Would you transcribe the entries below, beginning at the line with "Terra Canis Sensitive" and ending after the line with "Bicyclic heterocyclyl derivates", exactly, with no picture and nothing more?

:: Extracted entries ::

Content starts

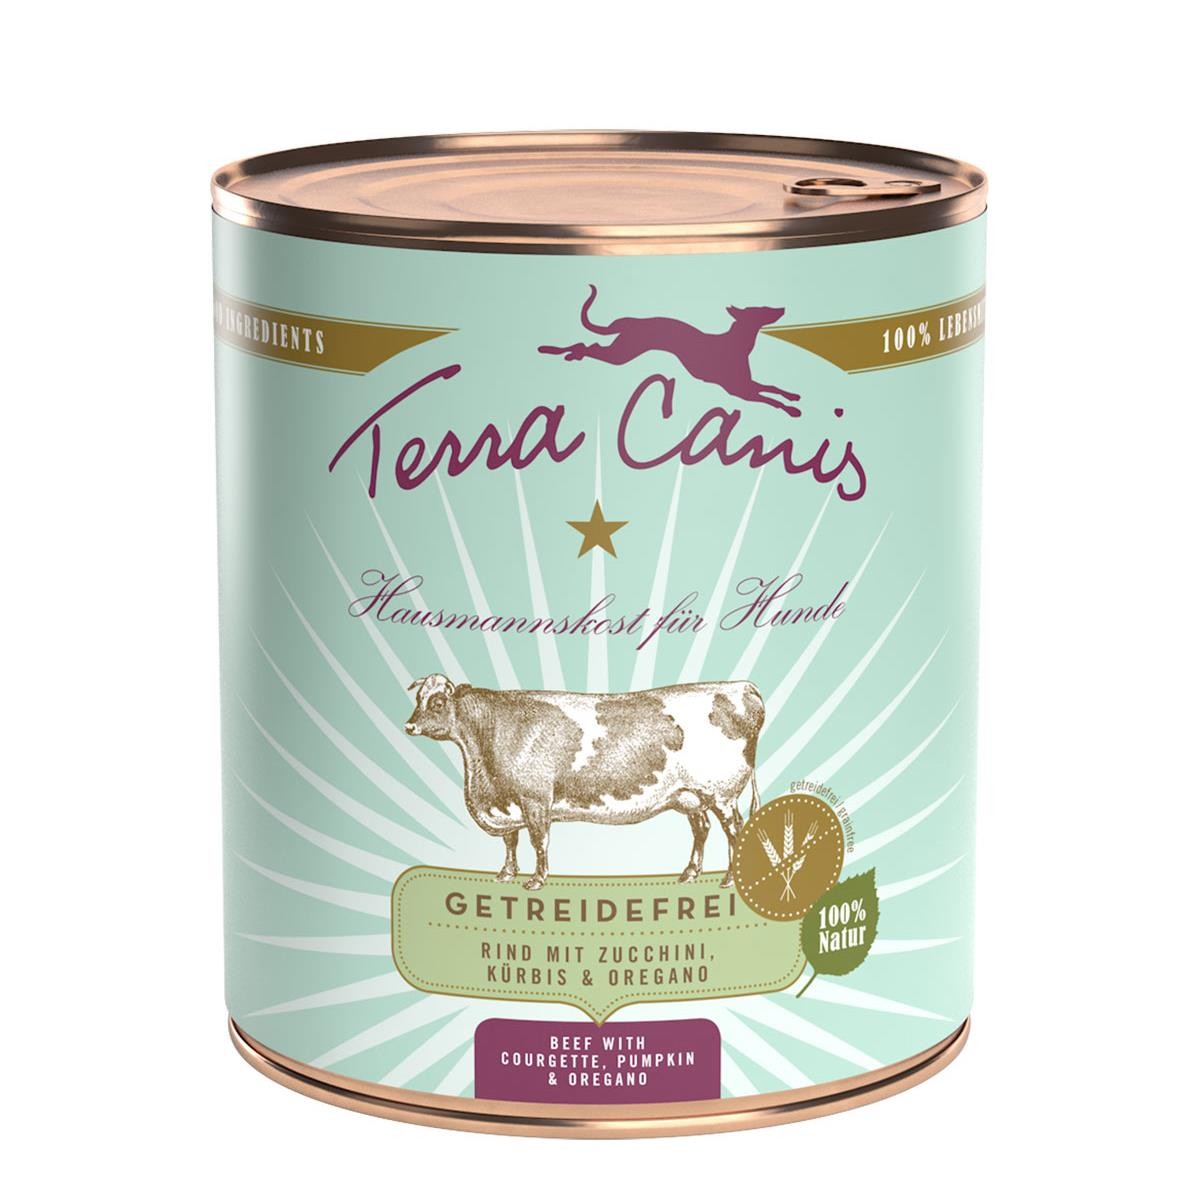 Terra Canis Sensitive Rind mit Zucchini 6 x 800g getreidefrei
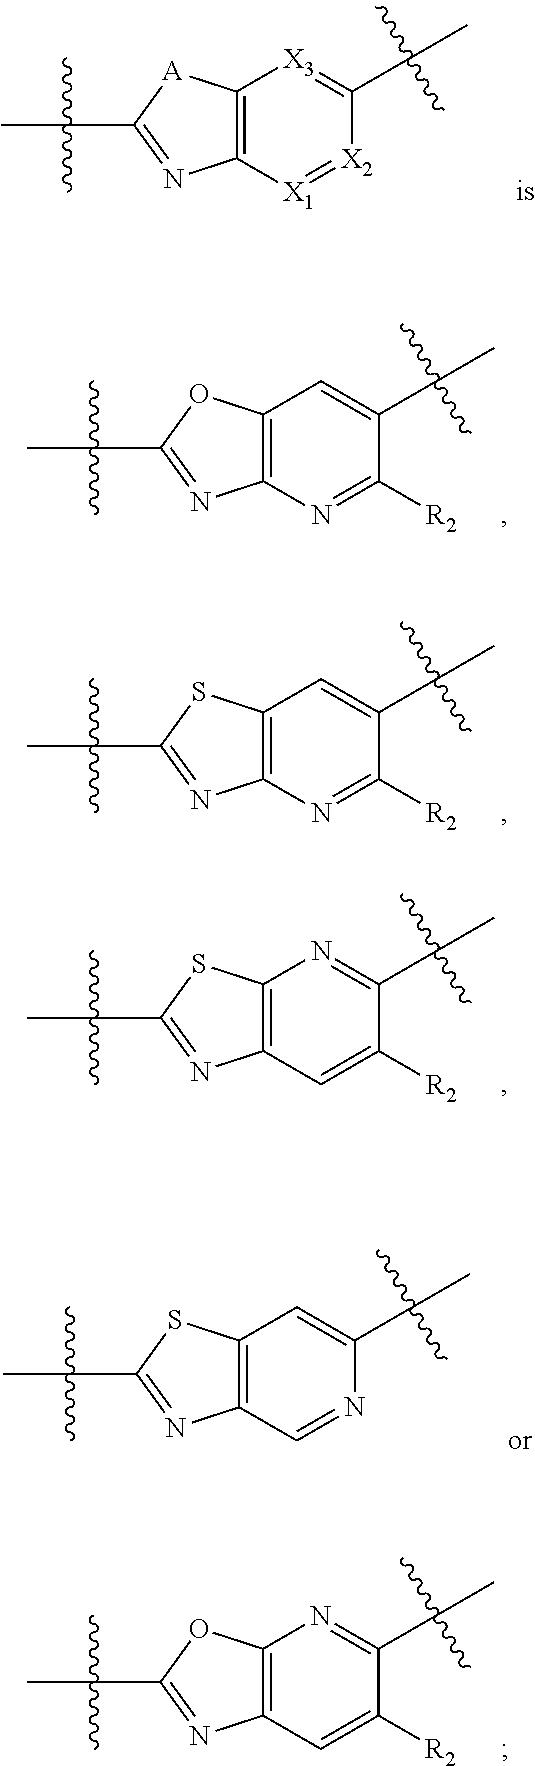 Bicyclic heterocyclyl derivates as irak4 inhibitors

Content ends
Content starts

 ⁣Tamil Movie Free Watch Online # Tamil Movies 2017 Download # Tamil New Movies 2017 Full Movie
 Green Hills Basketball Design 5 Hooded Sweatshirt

Content ends

:: Solution for this problem ::
 Terra Canis Sensitive Rind mit Zucchini 6 x 800g getreidefrei
 Bicyclic heterocyclyl derivates as irak4 inhibitors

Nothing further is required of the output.